Aim of the task - Taking only the lines of the data below from the line with "Men’s Pyjamas | Pyjamas for Men | M&S" to the line with "Eucerin DermoCapillaire revitalisierende", ends included, write them out exactly and without pictures.
------ Dataset ------
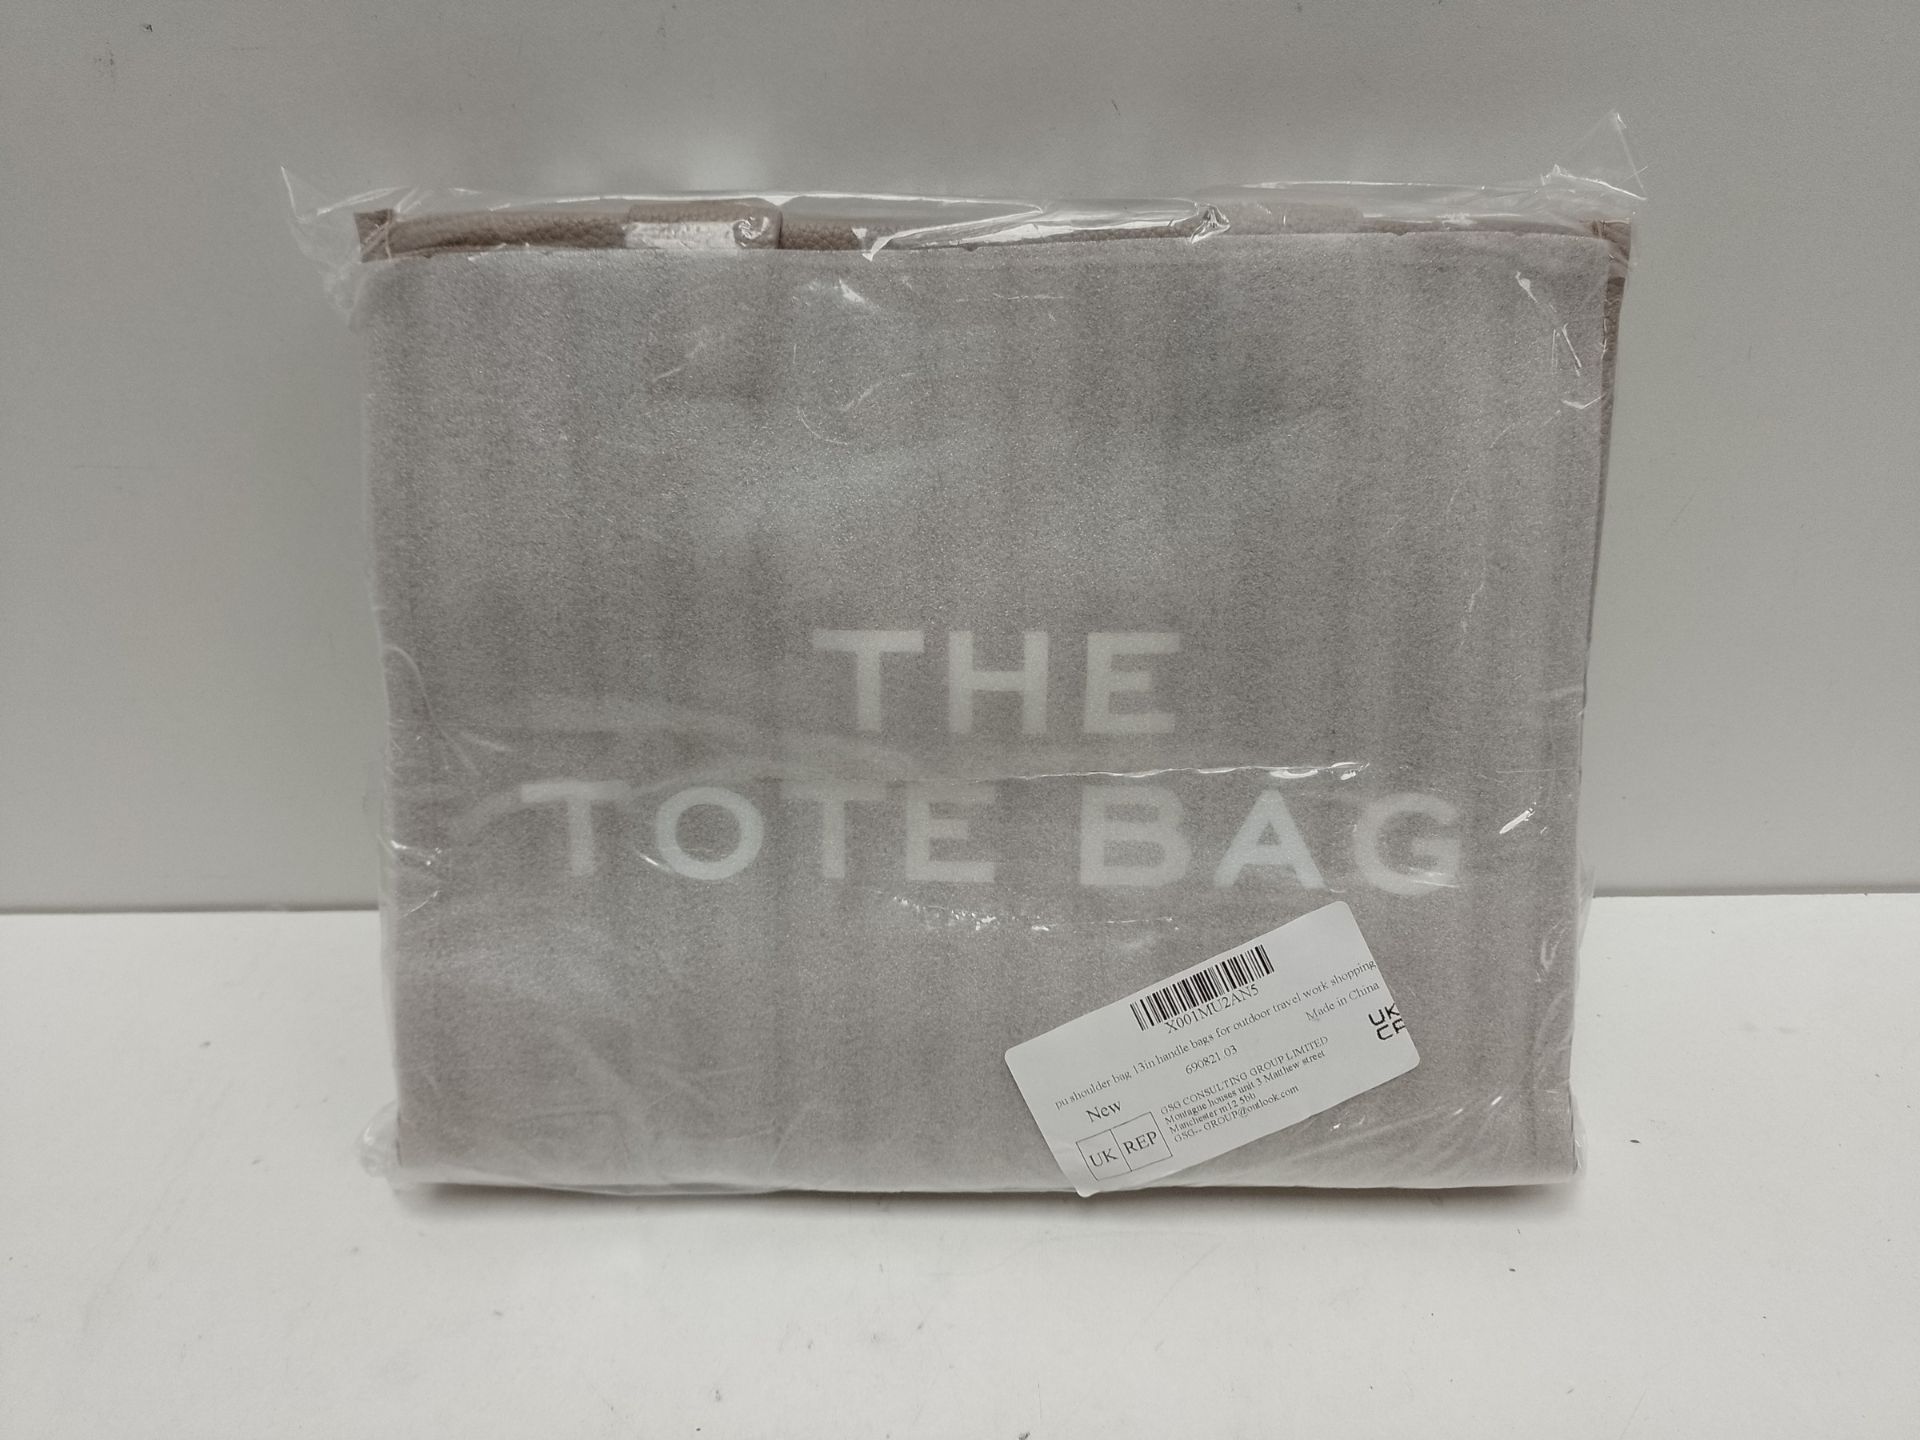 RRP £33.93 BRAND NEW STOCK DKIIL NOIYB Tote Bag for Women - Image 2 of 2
------
------ Dataset ------
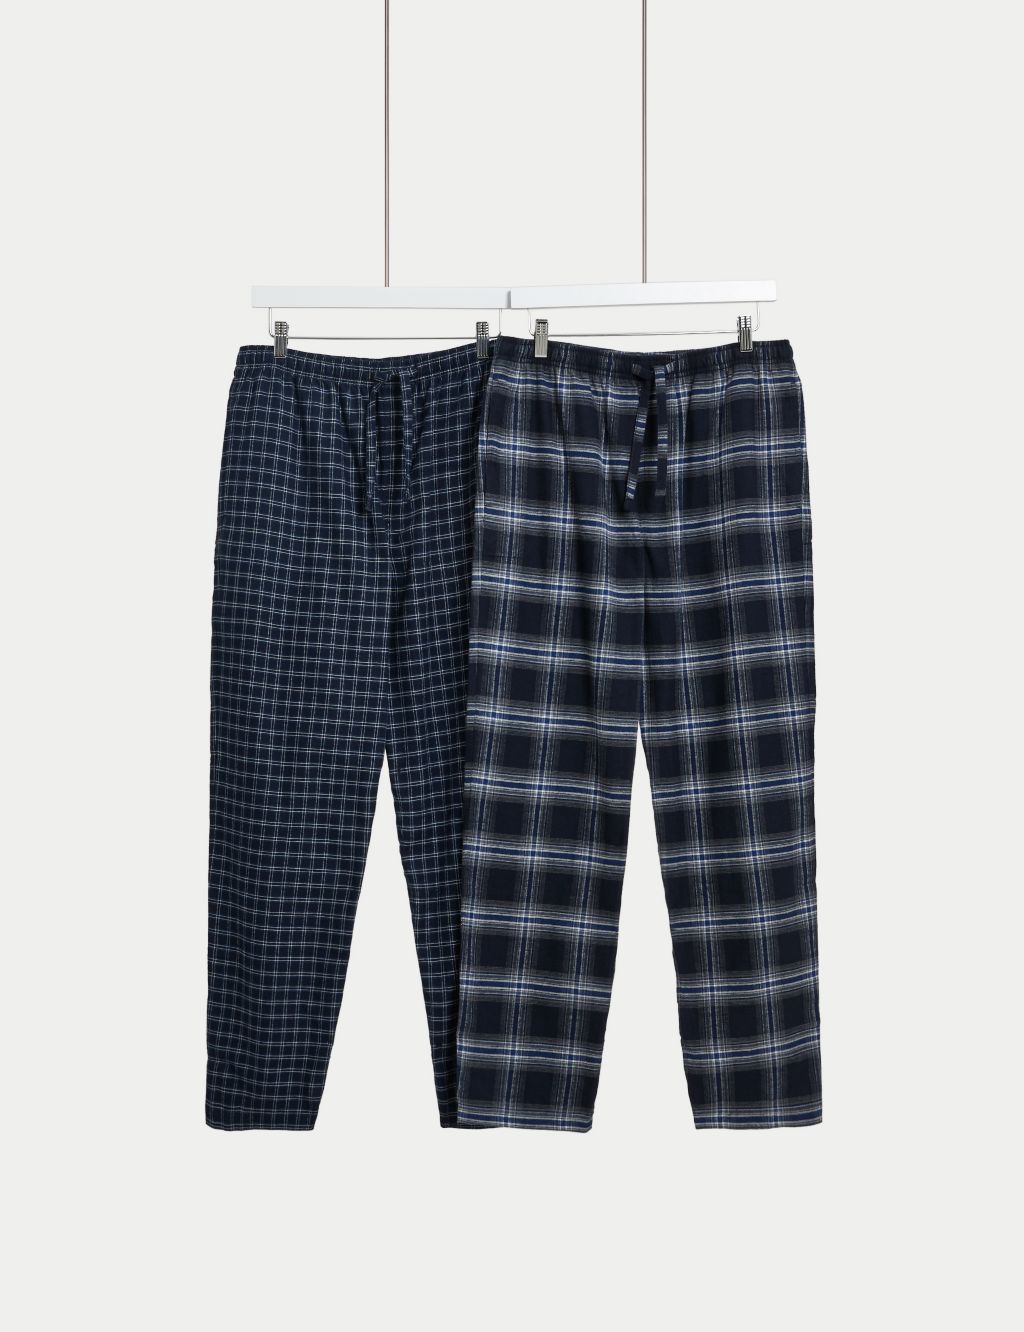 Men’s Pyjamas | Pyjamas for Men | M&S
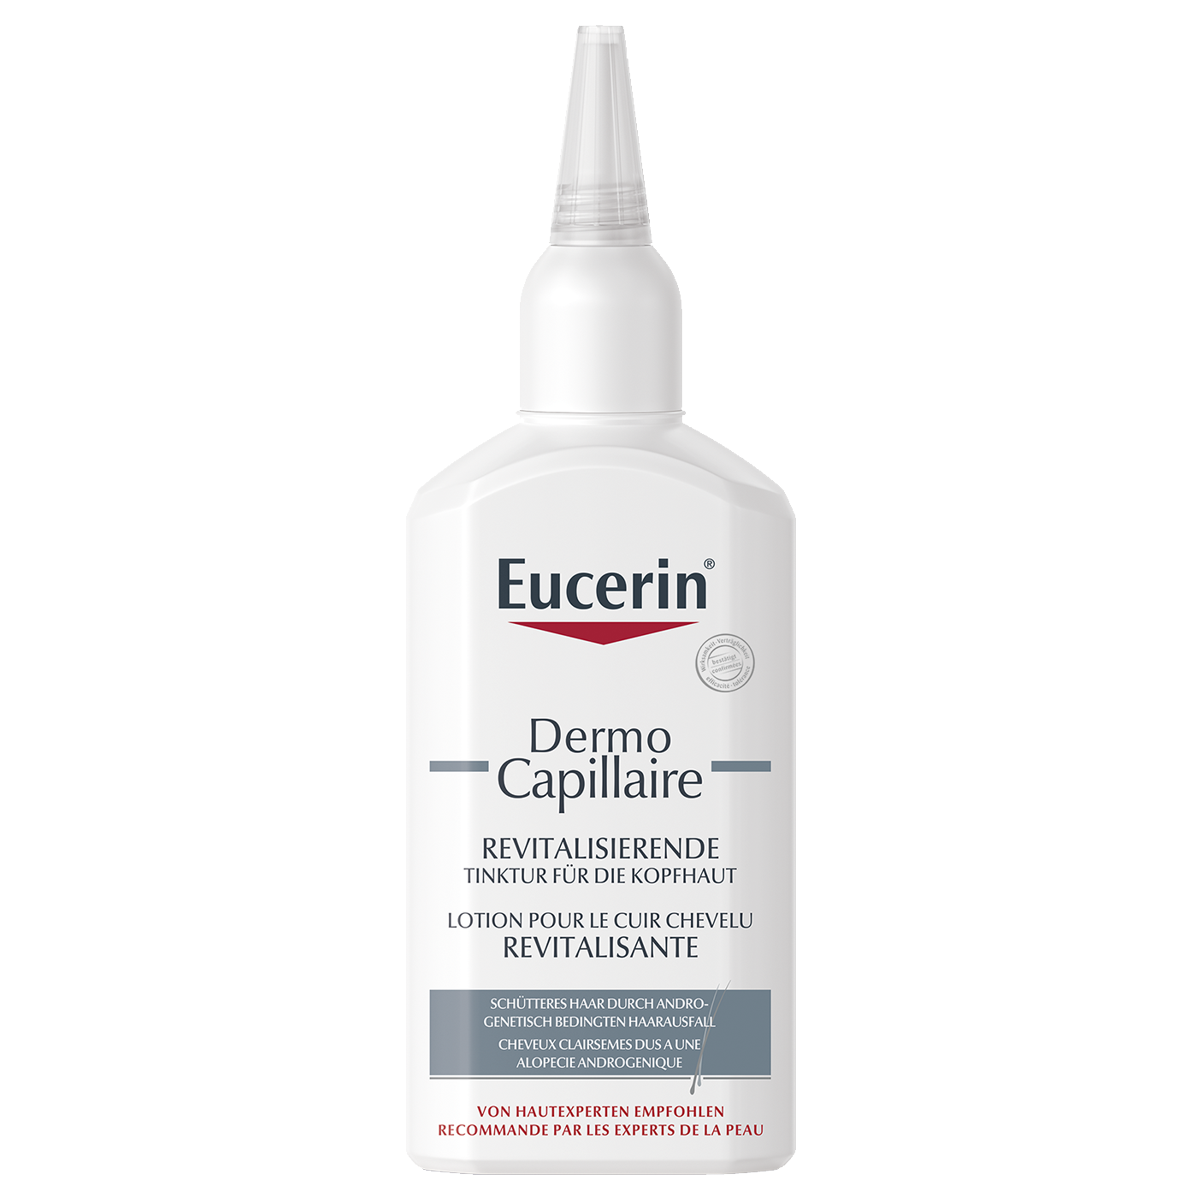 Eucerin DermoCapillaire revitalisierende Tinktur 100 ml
------
Written solution -
 Men’s Pyjamas | Pyjamas for Men | M&S
 Eucerin DermoCapillaire revitalisierende Tinktur 100 ml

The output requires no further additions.